Data below -
((
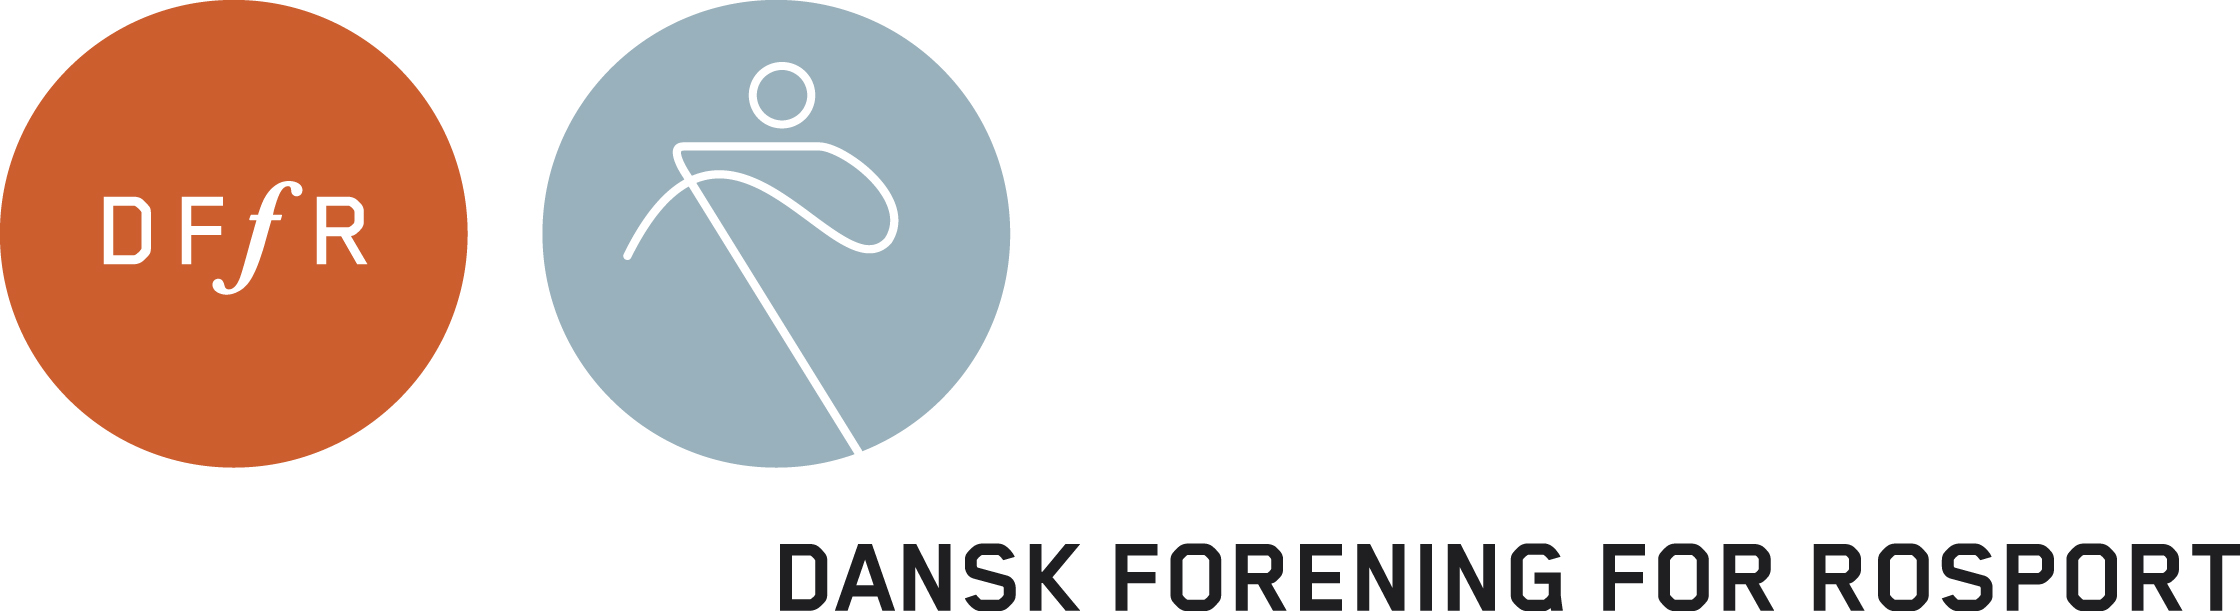 20140912 Dansk Forening for Rosport Referat Bestyrelsesmøde Hovedbestyrelsesmøde torsdag den 20. november kl. 17.00 i Rosportens Hus, Bagsværd.
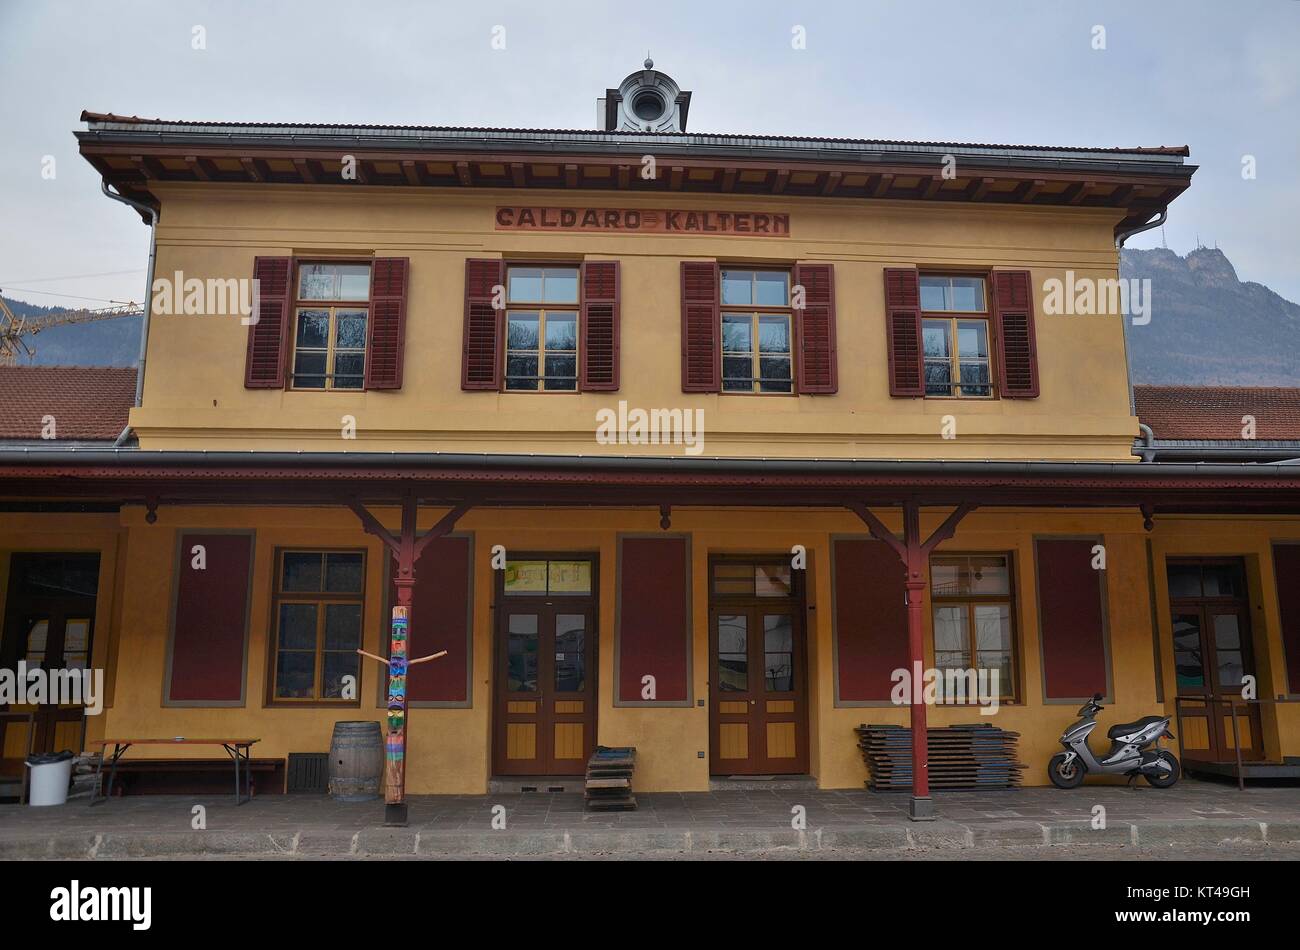 En la aldea de Caldaro" (Kaltern), Italia, en la provincia del Alto Adige (Südtirol): la antigua estación ferroviaria, ahora un centro juvenil Foto de stock
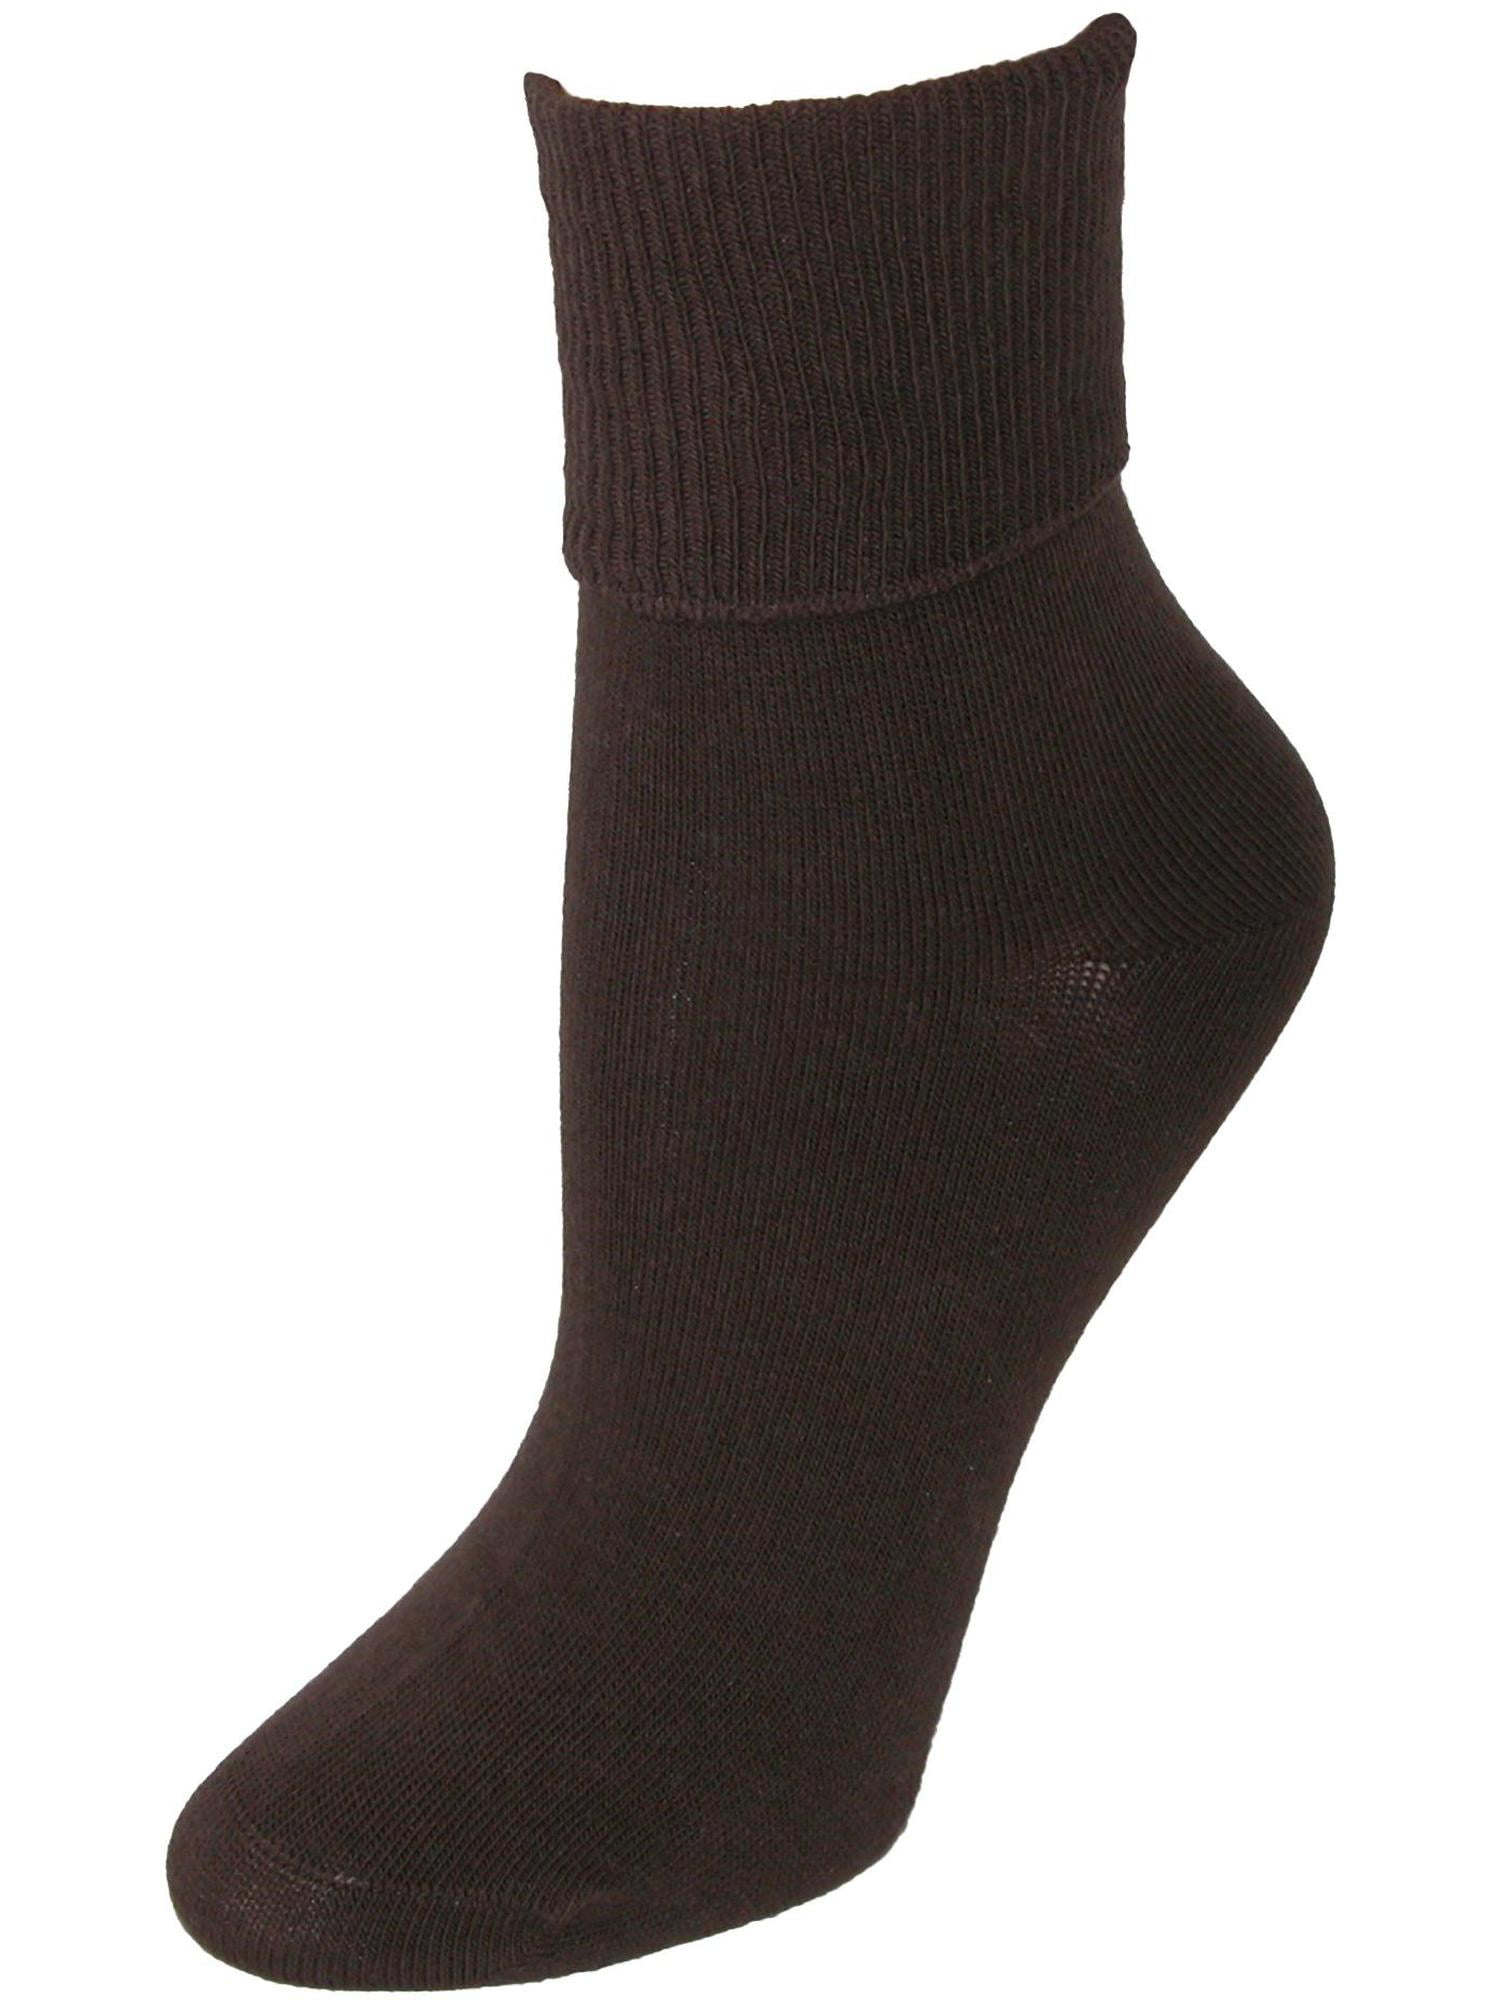 Jefferies Socks Organic Cotton Turn Cuff Socks (Women)
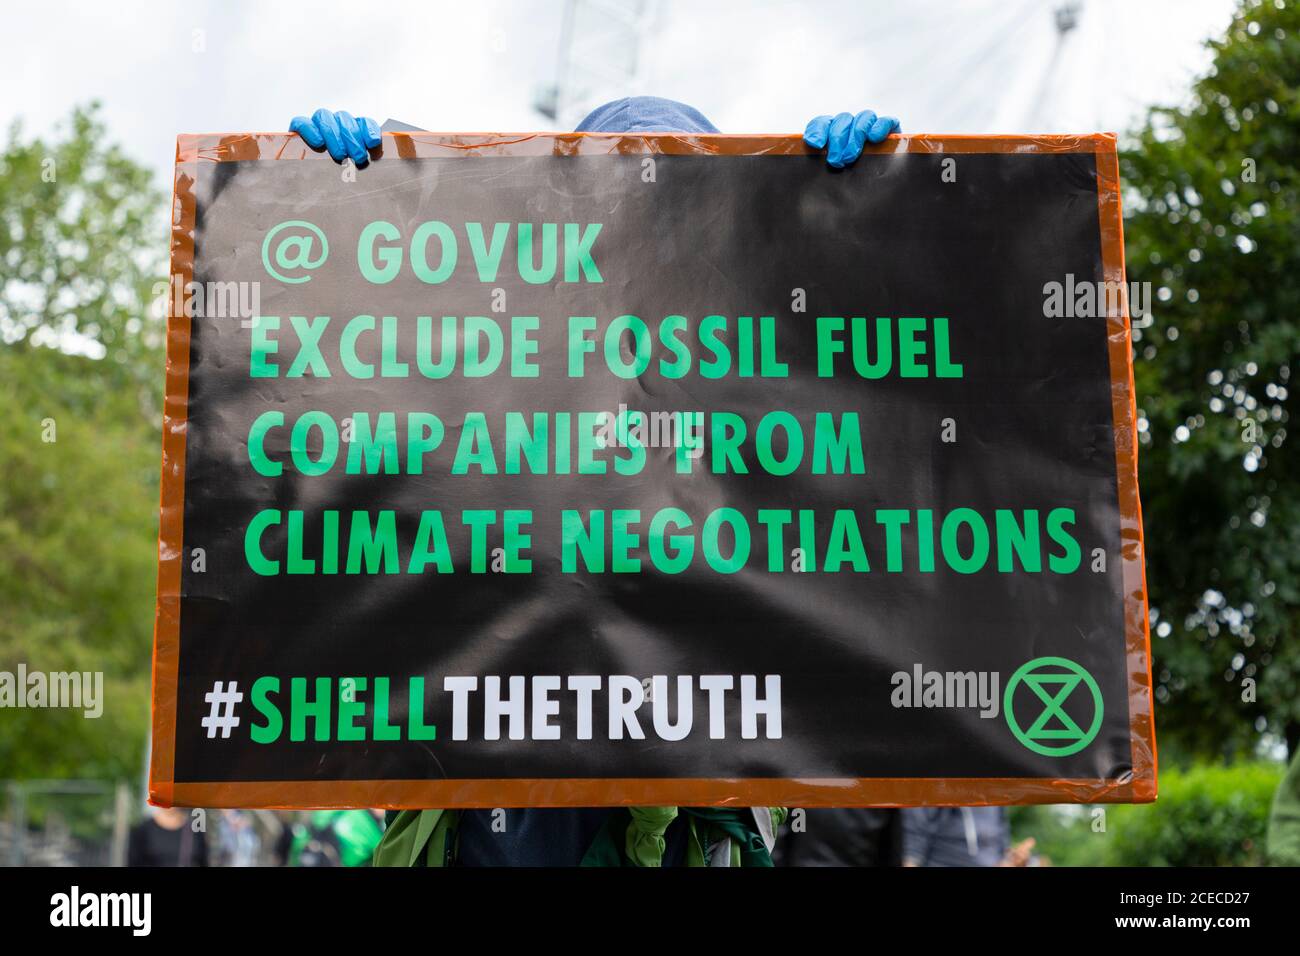 Manifestant tenant un panneau lors d'une manifestation de rébellion d'extinction devant le Shell Center, Jubilee Gardens, Londres, 28 août 2020 Banque D'Images
))
Each line of the data should be quoted exactly, with pictures left out.

Answer to this problem -
 20140912 Dansk Forening for Rosport Referat Bestyrelsesmøde Hovedbestyrelsesmøde torsdag den 20. november kl. 17.00 i Rosportens Hus, Bagsværd.
 En la aldea de Caldaro" (Kaltern), Italia, en la provincia del Alto Adige (Südtirol): la antigua estación ferroviaria, ahora un centro juvenil Foto de stock
 Jefferies Socks Organic Cotton Turn Cuff Socks (Women)
 Manifestant tenant un panneau lors d'une manifestation de rébellion d'extinction devant le Shell Center, Jubilee Gardens, Londres, 28 août 2020 Banque D'Images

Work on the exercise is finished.